**EXERCISE**
Could you set down exactly the lines of the data below, starting at the one that holds "paesaggi_cesare_cover" and ending at the one that holds "Curly Maple Wood Veneer Sheets", both included, and only those?

**SUPPLIED ENTRIES**
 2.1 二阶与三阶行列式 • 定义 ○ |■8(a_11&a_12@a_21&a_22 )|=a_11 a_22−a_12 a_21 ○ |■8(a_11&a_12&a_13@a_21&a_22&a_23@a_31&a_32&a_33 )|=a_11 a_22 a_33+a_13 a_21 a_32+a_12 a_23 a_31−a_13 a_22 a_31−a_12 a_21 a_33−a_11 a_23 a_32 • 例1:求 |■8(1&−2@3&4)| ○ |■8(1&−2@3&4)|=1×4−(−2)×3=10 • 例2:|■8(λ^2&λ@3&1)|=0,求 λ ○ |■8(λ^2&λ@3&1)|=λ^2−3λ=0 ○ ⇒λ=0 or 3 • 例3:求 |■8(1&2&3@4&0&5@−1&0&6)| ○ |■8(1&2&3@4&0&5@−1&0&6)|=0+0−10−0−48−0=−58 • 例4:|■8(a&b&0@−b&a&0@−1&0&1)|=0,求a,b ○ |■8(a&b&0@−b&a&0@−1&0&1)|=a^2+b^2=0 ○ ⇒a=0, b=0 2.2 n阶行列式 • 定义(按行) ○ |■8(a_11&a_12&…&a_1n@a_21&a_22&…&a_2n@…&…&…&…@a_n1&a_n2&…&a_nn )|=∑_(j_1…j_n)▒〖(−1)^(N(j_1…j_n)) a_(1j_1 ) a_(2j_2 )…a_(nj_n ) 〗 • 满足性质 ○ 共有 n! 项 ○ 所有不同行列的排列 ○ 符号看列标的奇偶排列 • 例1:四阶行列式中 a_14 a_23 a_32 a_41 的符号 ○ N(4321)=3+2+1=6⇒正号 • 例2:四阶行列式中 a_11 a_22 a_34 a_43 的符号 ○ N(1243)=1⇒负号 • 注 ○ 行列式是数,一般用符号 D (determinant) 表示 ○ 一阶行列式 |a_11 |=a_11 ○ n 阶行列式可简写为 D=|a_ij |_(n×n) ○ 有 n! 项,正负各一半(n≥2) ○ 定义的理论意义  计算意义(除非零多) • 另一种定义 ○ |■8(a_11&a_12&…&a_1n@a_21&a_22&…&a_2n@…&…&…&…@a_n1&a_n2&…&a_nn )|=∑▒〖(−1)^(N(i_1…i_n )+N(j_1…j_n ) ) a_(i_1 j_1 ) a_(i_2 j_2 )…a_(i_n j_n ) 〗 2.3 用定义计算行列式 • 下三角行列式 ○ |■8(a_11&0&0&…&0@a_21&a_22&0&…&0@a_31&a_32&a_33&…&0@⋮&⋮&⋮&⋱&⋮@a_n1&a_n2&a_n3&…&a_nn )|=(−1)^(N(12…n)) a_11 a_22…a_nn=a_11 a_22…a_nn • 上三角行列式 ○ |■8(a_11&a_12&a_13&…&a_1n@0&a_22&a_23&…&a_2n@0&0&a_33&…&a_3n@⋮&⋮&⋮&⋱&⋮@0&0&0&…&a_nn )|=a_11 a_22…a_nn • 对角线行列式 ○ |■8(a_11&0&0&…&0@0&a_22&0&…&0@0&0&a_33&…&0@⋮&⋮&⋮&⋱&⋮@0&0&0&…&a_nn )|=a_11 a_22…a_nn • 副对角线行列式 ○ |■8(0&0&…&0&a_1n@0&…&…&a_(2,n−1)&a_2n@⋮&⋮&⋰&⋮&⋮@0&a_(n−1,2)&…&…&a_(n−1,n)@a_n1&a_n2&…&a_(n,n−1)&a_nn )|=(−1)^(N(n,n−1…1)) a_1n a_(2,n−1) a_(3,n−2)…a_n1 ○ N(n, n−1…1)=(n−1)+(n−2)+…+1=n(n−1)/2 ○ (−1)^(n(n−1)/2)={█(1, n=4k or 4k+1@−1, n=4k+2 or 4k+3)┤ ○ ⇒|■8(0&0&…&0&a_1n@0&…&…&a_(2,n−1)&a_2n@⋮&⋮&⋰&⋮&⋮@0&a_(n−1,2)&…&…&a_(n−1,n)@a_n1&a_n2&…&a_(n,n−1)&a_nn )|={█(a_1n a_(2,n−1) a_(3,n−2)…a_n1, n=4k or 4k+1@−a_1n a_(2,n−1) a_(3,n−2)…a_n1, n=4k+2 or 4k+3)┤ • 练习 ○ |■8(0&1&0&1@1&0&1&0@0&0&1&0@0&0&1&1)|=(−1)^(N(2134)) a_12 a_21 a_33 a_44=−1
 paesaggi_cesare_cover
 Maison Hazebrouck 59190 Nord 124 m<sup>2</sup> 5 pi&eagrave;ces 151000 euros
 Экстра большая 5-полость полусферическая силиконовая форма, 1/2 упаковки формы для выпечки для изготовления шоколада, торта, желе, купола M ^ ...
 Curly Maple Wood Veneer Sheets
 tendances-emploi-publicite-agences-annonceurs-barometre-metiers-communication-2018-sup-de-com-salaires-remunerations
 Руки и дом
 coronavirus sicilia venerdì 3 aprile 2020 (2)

**RESULT**
 paesaggi_cesare_cover
 Maison Hazebrouck 59190 Nord 124 m<sup>2</sup> 5 pi&eagrave;ces 151000 euros
 Экстра большая 5-полость полусферическая силиконовая форма, 1/2 упаковки формы для выпечки для изготовления шоколада, торта, желе, купола M ^ ...
 Curly Maple Wood Veneer Sheets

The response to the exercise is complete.